Незаметно подошла весна. Близилось начало кампании, и все больше беспокойства проявлял Войнович. Все его действия как бы невольно затягивали процесс подготовки эскадры к выходу в море - для поиска и атаки неприятеля. Далматинец, принятый на русскую службу 25 лет назад, он делал карьеру споро, хотя особых заслуг не имел. Вспомнился другой случай. Как-то зимой пришла весть из Стамбула - там объявился Тиздель с "Марией Магдалиной". После бури, со сломанными мачтами, он оказался у Босфора и сдался в плен туркам. "Будь я на месте Тизделя, как мог бы починил мачты и паруса и атаковал турок в проливах", - подумал Сенявин. Ему хотелось обменяться с кем-нибудь мыслями, но друг его Лызлов вот уже скоро два года как уволился в отставку и уехал в деревню. "Что приносят русскому флоту пришлые иностранцы, зачем так прытко стремятся на русскую службу?" - спрашивал он себя и заключал, что привлекает их прежде всего денежная сторона.

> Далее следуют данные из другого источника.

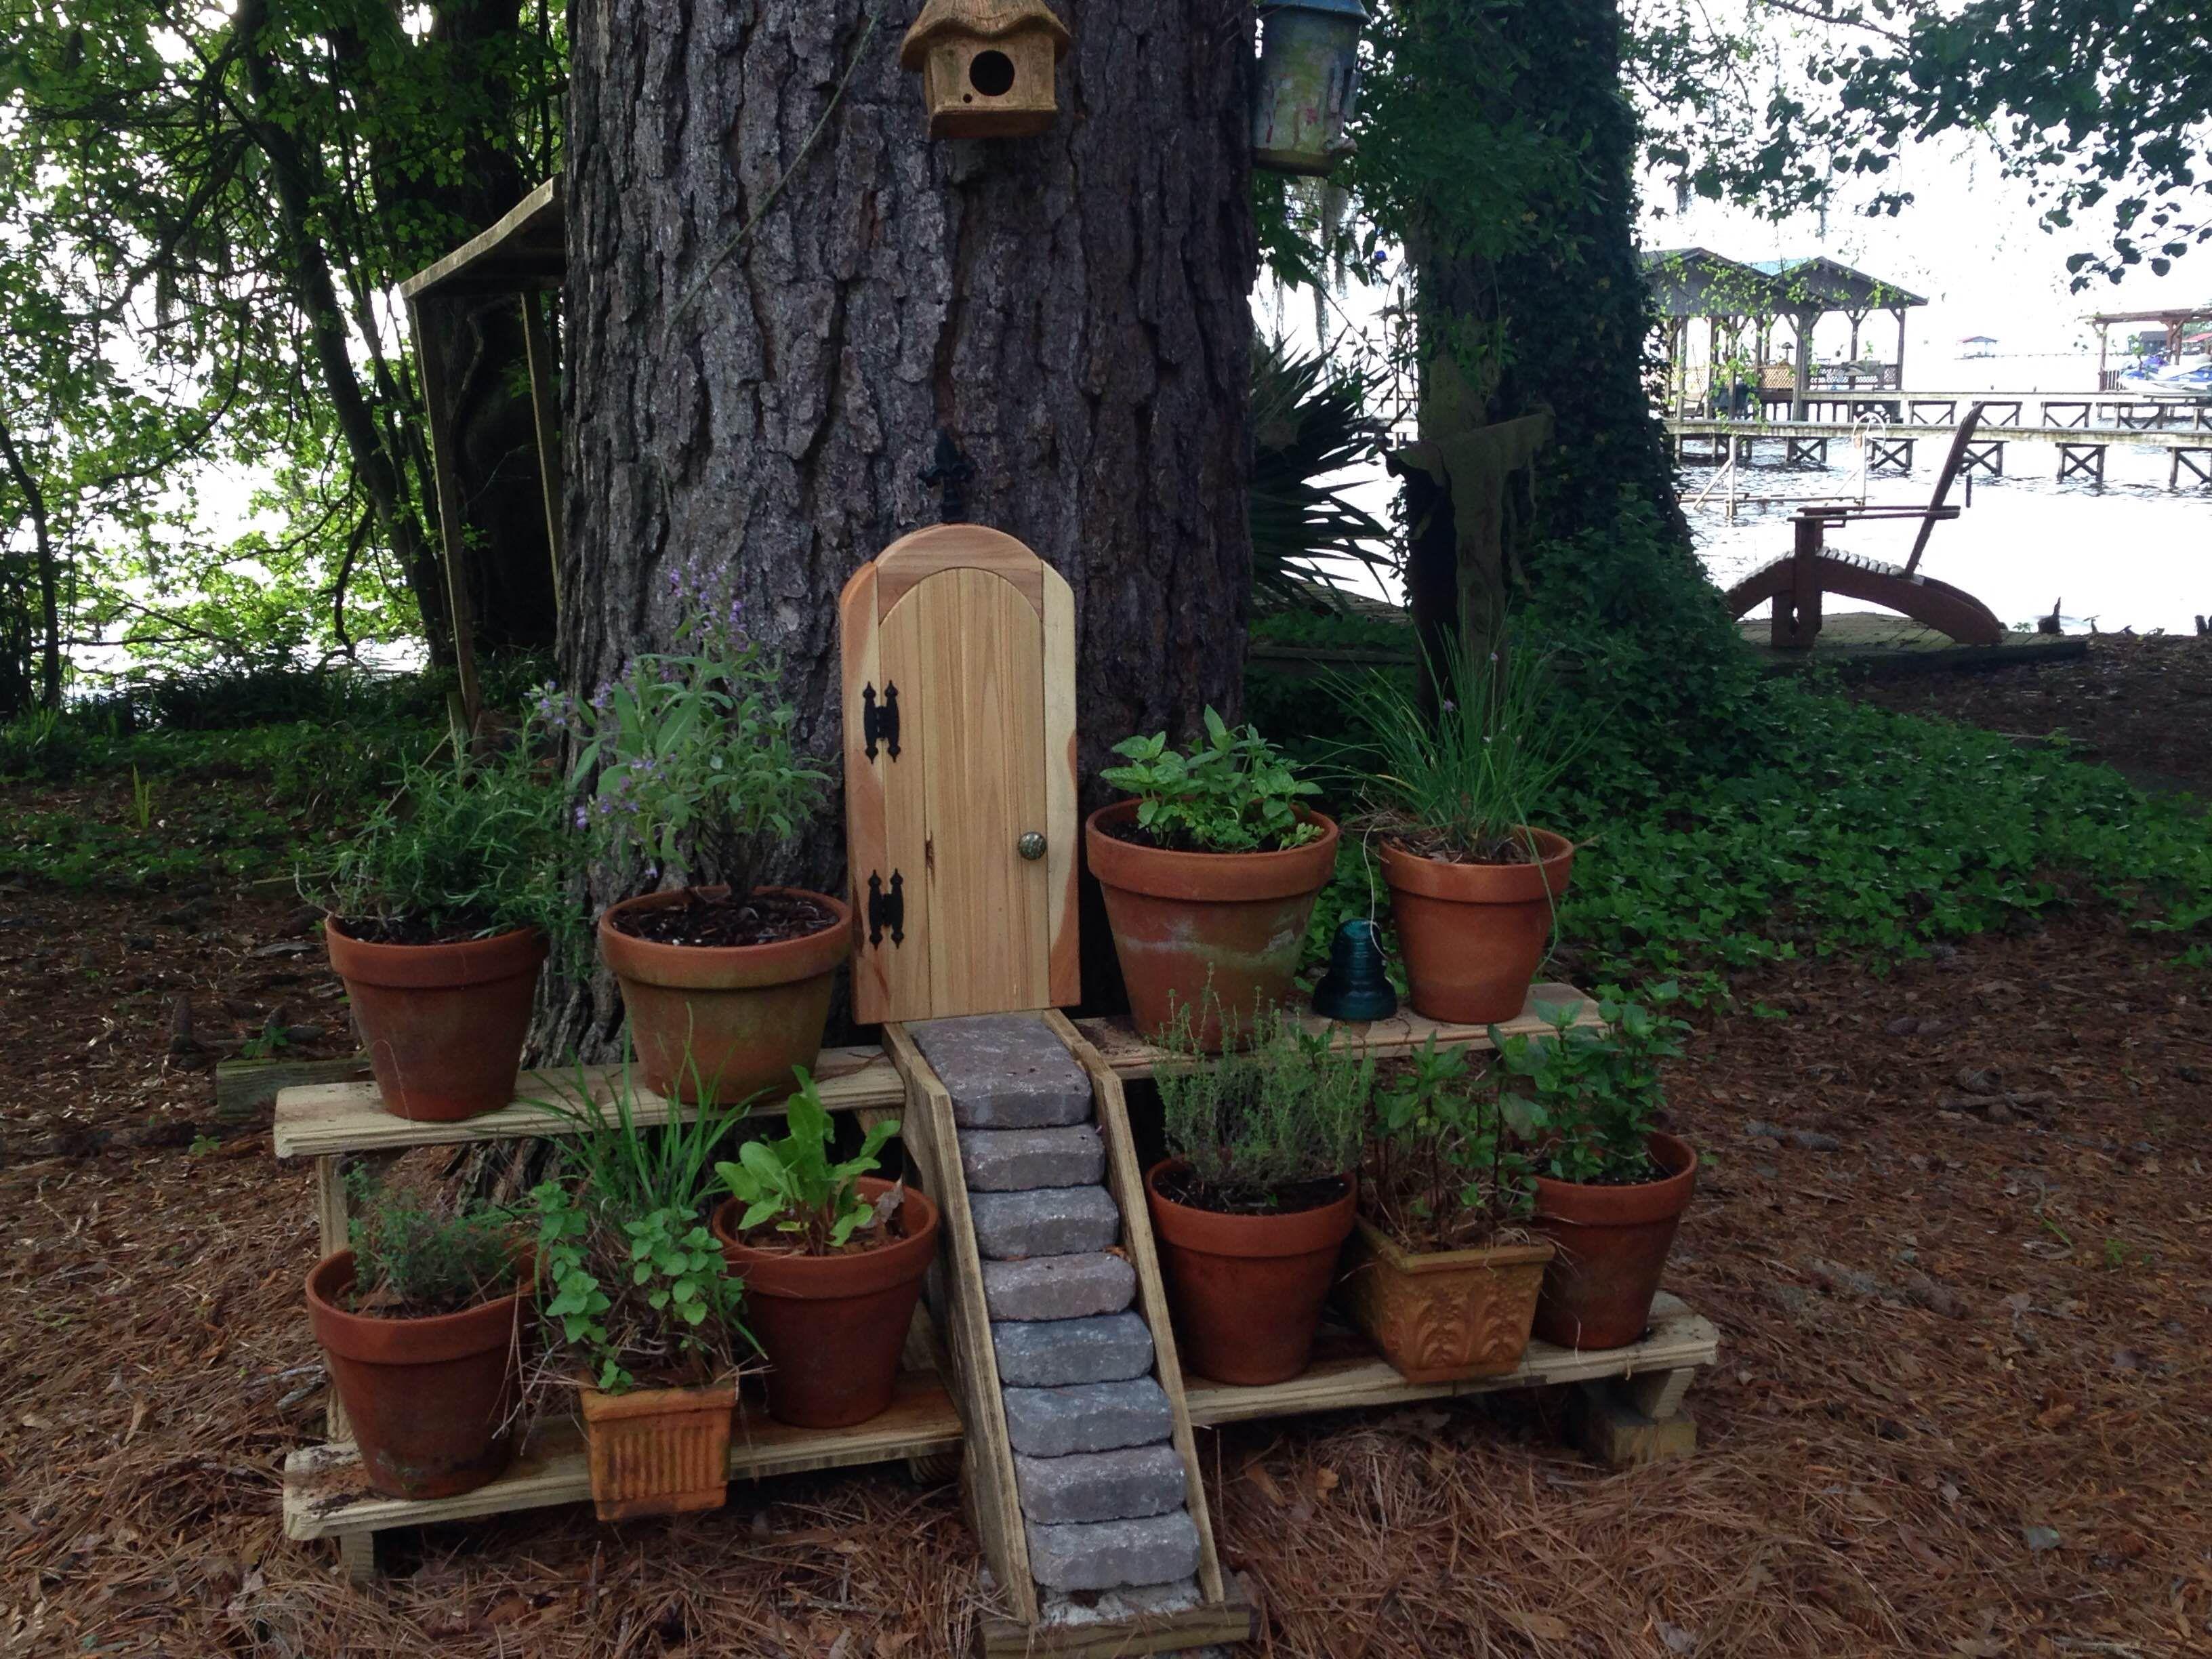 Hobbit Herb Home @ Lake Waccamaw, NC | Plants, Lake, Herbs

Другое, но не менее важное обстоятельство - характер русского матроса, с которым проворнее сделать карьеру. "В самом деле, - продолжал размышлять Сенявин, - где, на каком флоте найдешь более трудолюбивого, беспрекословного и стойкого, чем русский матрос? А каков он в бою? Отважен, храбр беспредельно, всегда готов пожертвовать жизнью ради товарищей и Отечества…"
Кампания 1788 года началась с невеликой операции, но неожиданно громко. В Глубокой пристани базировалась гребная флотилия, охранявшая подступы к Херсону и Николаеву. При флотилии состояла дубель-шлюпка № 2 под командой кавторанга Сакена. Несмотря на разницу в возрасте, он был верным дружком Веревкина. Оба кончали Морской кадетский корпус, понюхали пороху на Балтике, перевелись на Черное море. Частенько вместе коротали вечера в Глубокой пристани. Остро переживал Сакен неудачу своего друга. В одном был твердо уверен, о чем всегда повторял товарищам:
- Турок Андрей пошерстил знатно, не одну посудину на дно отправил. Сам в руки не дался, видимо, контужен был, в беспамятстве. Потому до крюйт-камеры не добрался.
В середине мая Сакена послали с депешей к Суворову, в Кинбурн. Там и нес он дозорную службу. Подружился с командиром Козловского полка подполковником Федором Марковым.
18 мая в Лимане под Очаковом объявилась армада Гуссейн-паши в пятьдесят с лишним вымпелов. Спустя неделю турки опоясали Кинбурн завесой из тринадцати галер.
Утром 26 мая Суворов вызвал Сакена, вручил пакет:
- Поспешай-ка, братец, в Глубокую пристань. Извести командующего о гостях турецких. Пускай готовит им подарки.
Полководец испытующе посмотрел на командира дубель-шлюпки:
- Знаю, моряки перед неприятелем не робеют, но бери и смекалкой. Их ведь, видишь, тьма, как саранча, налетела.
Сакен ответил без бравады:
- Не впервой, ваше превосходительство. Не числом, так уменьем. Наиглавнейшее - Отечество не посрамить.
- Молодец, - похвалил Суворов, - с Богом.